[WHAT THE TASK ASKS] The expected output is the exact lines from the one containing "[마이데일리 = 이승길" through the end of the data, inclusive, and nothing else.

[Extracted data entries]
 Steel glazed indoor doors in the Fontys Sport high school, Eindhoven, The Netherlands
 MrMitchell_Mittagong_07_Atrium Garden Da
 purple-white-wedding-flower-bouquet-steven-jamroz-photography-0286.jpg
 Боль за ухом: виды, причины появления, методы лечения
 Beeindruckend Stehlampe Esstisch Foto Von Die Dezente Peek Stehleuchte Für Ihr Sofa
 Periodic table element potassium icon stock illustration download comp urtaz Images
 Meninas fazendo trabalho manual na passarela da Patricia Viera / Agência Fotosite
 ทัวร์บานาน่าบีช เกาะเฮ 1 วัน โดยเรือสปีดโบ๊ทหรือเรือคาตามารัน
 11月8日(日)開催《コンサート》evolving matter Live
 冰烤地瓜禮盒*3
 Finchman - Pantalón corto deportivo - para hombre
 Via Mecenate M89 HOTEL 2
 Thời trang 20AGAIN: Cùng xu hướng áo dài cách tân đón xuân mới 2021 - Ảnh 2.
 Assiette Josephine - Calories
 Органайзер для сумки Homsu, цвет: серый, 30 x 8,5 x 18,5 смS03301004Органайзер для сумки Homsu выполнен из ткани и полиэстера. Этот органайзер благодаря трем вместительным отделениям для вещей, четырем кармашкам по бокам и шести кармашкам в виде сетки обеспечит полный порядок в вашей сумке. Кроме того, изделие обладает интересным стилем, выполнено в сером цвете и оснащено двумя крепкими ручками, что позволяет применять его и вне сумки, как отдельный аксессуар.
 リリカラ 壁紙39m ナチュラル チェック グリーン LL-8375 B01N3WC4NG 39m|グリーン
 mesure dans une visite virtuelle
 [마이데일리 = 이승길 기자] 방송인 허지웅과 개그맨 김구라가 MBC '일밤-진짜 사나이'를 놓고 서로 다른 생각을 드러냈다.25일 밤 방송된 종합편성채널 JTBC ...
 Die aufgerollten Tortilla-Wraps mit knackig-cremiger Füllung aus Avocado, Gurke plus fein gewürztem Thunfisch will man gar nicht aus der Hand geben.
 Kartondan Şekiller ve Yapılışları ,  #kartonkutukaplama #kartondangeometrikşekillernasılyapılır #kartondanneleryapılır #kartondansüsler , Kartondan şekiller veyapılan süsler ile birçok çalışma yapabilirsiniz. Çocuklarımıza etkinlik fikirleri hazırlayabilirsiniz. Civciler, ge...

[RESPONSE TO THIS EXERCISE]
 [마이데일리 = 이승길 기자] 방송인 허지웅과 개그맨 김구라가 MBC '일밤-진짜 사나이'를 놓고 서로 다른 생각을 드러냈다.25일 밤 방송된 종합편성채널 JTBC ...
 Die aufgerollten Tortilla-Wraps mit knackig-cremiger Füllung aus Avocado, Gurke plus fein gewürztem Thunfisch will man gar nicht aus der Hand geben.
 Kartondan Şekiller ve Yapılışları ,  #kartonkutukaplama #kartondangeometrikşekillernasılyapılır #kartondanneleryapılır #kartondansüsler , Kartondan şekiller veyapılan süsler ile birçok çalışma yapabilirsiniz. Çocuklarımıza etkinlik fikirleri hazırlayabilirsiniz. Civciler, ge...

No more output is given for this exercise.